Criticizing lack of convenience for cyclists where daytime tempratures range between +33 +35 degrees Centigrade 365 days a year sound like a bit of a joke. I can barely walk there let alone cycle. This is despite that cycling conditions in Singapore are actually rather good and drivers are conscious. Oh and I'm a cyclist myself. 



> Crossing the road in Singapore is particularly difficult in the suburbs and often requires a long and unintuitive walk to a crossing. Even in the city centre crossings can be inconveniently located and it can be difficult to cross the road. Timings on such crossings also heavily favour cars too.


Crossings in Singapore are very logical and intuitive. If there is a street and a necessity to cross it for sufficiently large amounts of pedestrians then it means there will be a crossing somewhere in the nearest vicinity. Traffic lights have countdown timers which give a good idea how long you will have to wait. Crossing the streets in SIngapore is as convenient and efficient as it can possibly get.





> Here is one example from my time in Singapore that stands out. This is on Orchard Road - the principle shopping street of the city centre. As one can see, this is not particularly the nicest solution for pedestrians, though I should state that I was last in Singapore a couple of years ago so things might have changed drastically.


I am very much familiar with the location. The Junction has underground pedestrian crossings and existing ones have been extended recently (you can see the construction work in Street view images too. It may be well part of that). If you're looking for examples of flawed infrastructure solutions in Singapore then this is not it.




> Unlike in Japan on small side streets where cars are cut down to one lane, in Singapore they are given two lanes but little to no pedestrian facilities. This makes it incredibly dangerous to walk around these side streets despite lower volumes of traffic.


I really doubt those who live in that street ever walk anywhere. Remember, around 90% of Singaporeans live here rather than what's shown in your picture. It's called rationality.



> Here is an example where getting to the other side of the road involves a mad dash across the arterial or a long diversion to find a crossing.


Which makes perfect sense. Just look from the above. Why would you want five intermediate crossings from a school campus occupying almost the entire plot to a nearby highrise block with a dozen or so buildings? There isn't that much pedestrian movement in those directions to rationalize additional pedestrian crossings and either obstruct traffic or spend money on building underground/elevated walks. That is irrational and this is why it's not there. Everything makes perfect sense. What would be irrational a pedestrian crossing every few meters where it is not necessary. Again, a bad example.



> All of these examples above are replicated across the city, though I was careful to select examples I know here (and that are clustered around Orchard). I would not say that Singapore is a city for pedestrians, but it is certainly a transport city both public and private. I can't fault the buses and trains generally, but I can fault the lack of thought to pedestrians and cyclists as it can be downright hostile to both. This is from mine and my colleagues experiences in the city state (and a number of my colleagues are Singaporeans). Funnily enough my Professor is still based in Singapore for now too.

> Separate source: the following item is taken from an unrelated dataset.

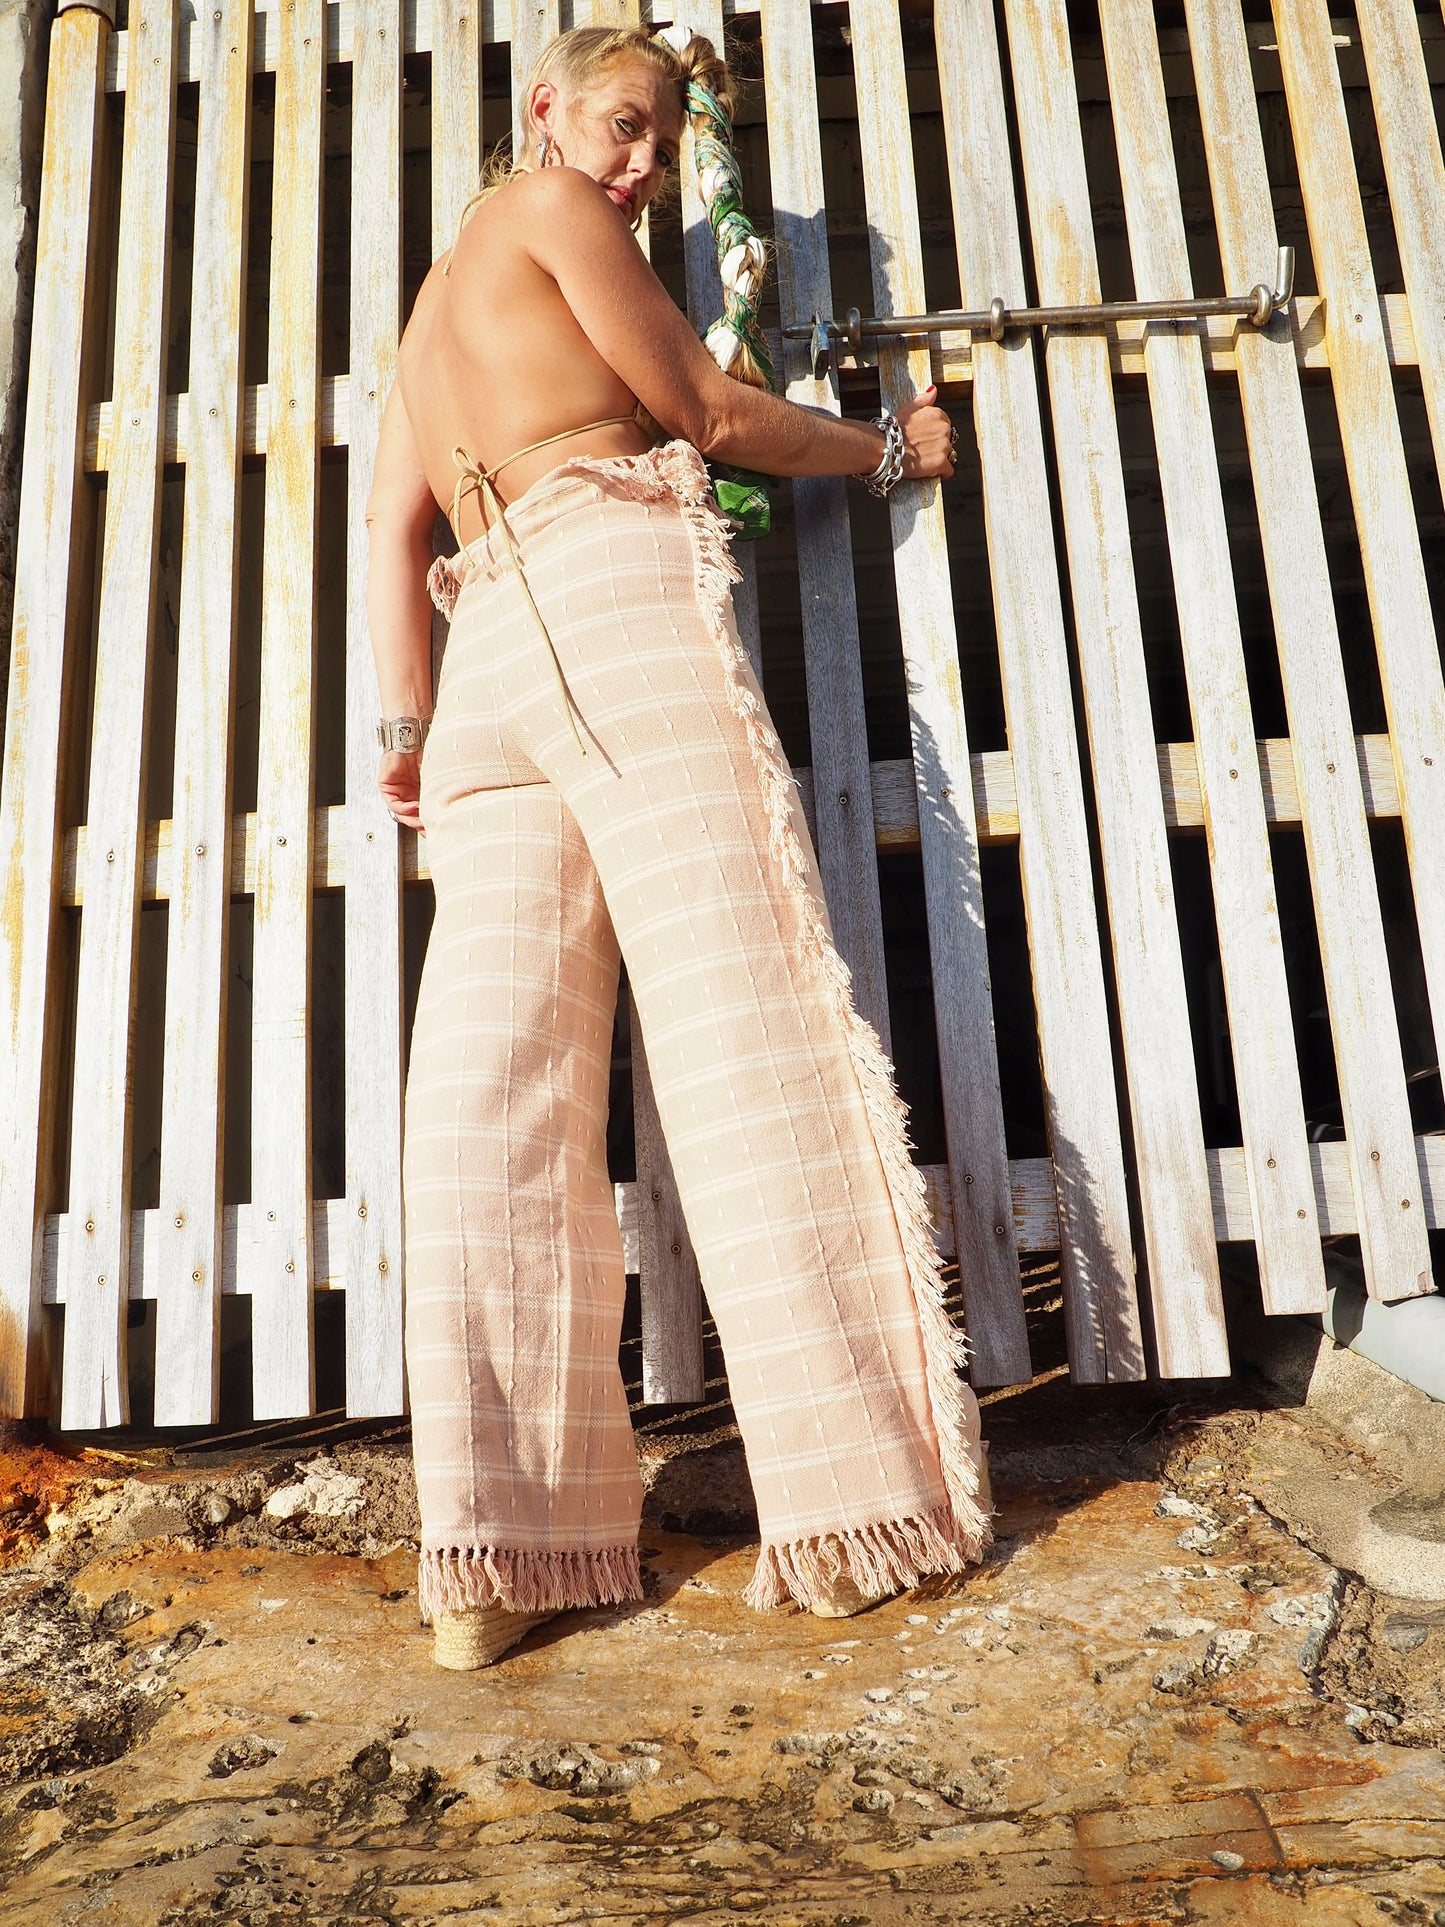 Wide leg pants with elastic waste made by vagabond Ibiza from vintage woven cotton tassel blanket with tassel side trim.
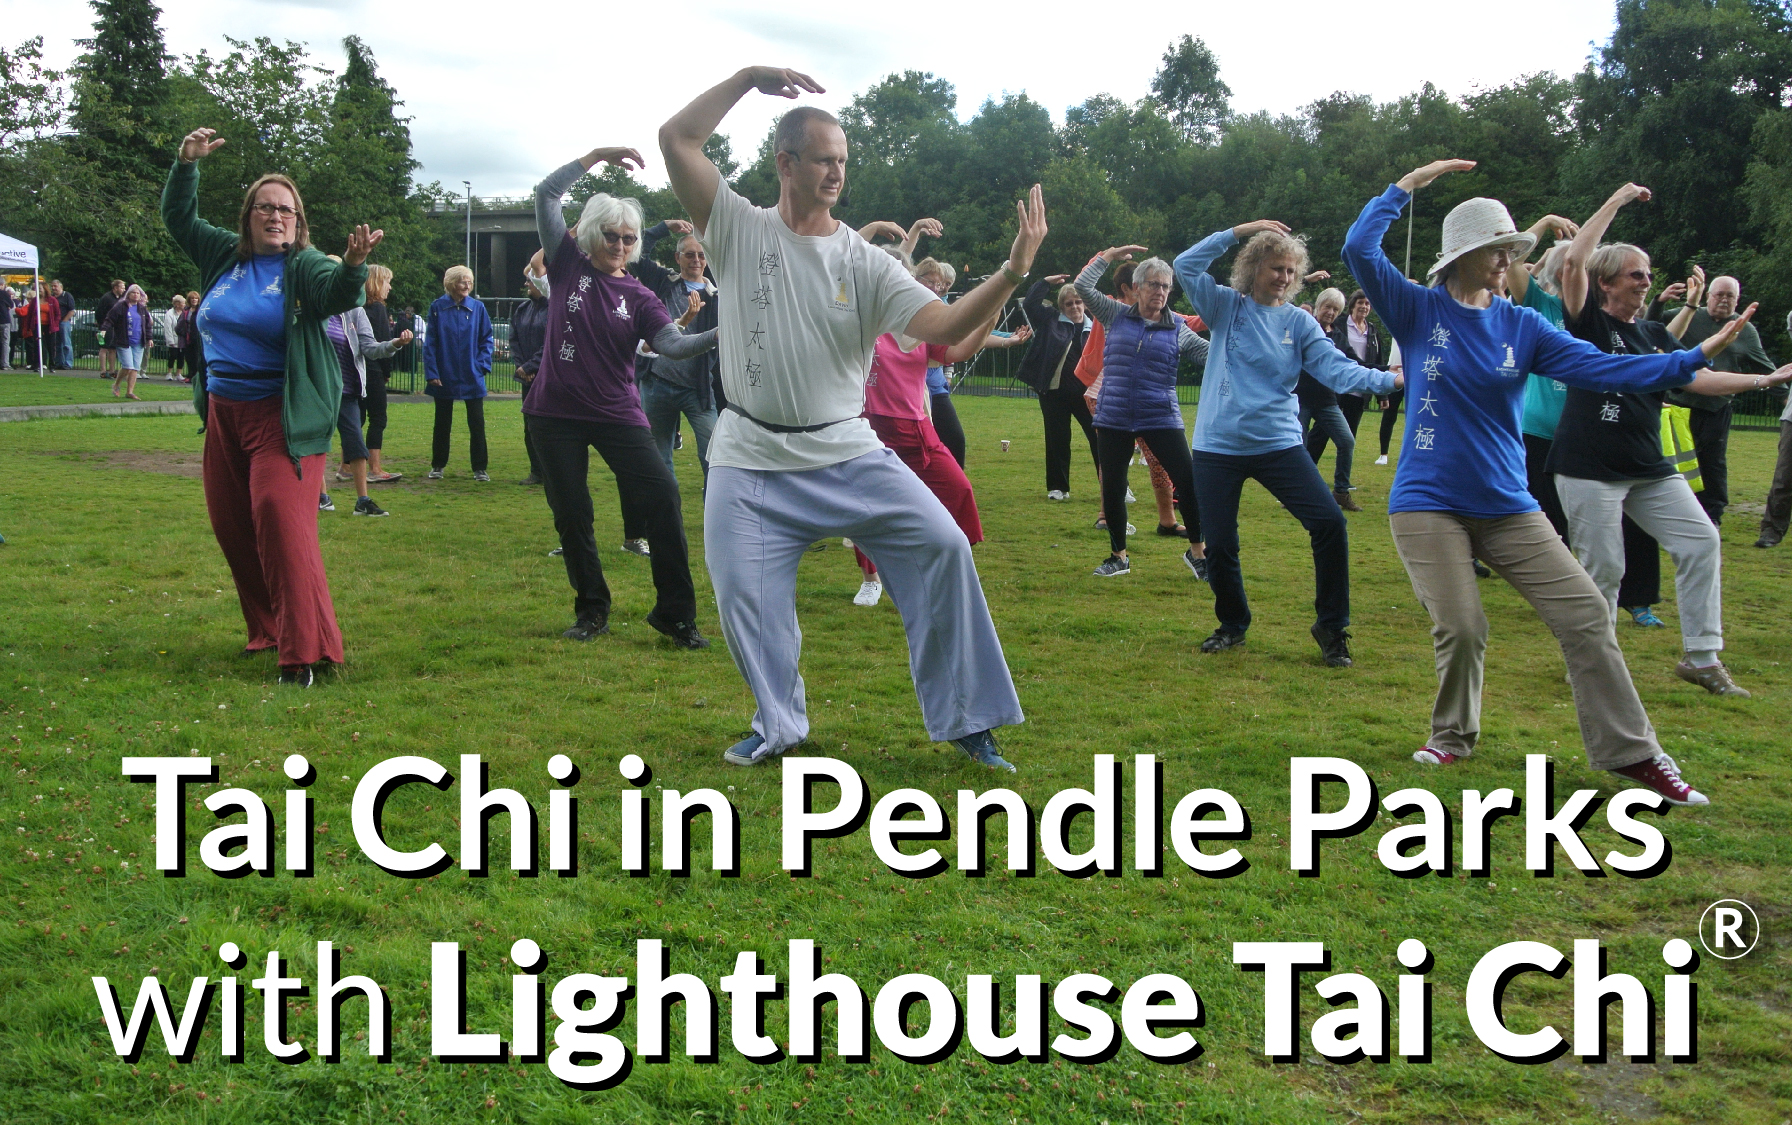 Summer Tai Chi in the Park returns

Even though I haven't lived in Singapore but I have been there at least 6 times and am very much familiar how pedestrian and street integration works there. I must say I have never witnessed a more sensible, rational and logical approach to those issues anywhere else in the world. I have never been to Japan and therefore would love to compare it to Singapore. You may be right.


----------



## Svartmetall (Aug 5, 2007)

Pansori said:


> Criticizing lack of convenience for cyclists where daytime tempratures range between +33 +35 degrees Centigrade 365 days a year sound like a bit of a joke. I can barely walk there let alone cycle. This is despite that cycling conditions in Singapore are actually rather good and drivers are conscious. Oh and I'm a cyclists myself.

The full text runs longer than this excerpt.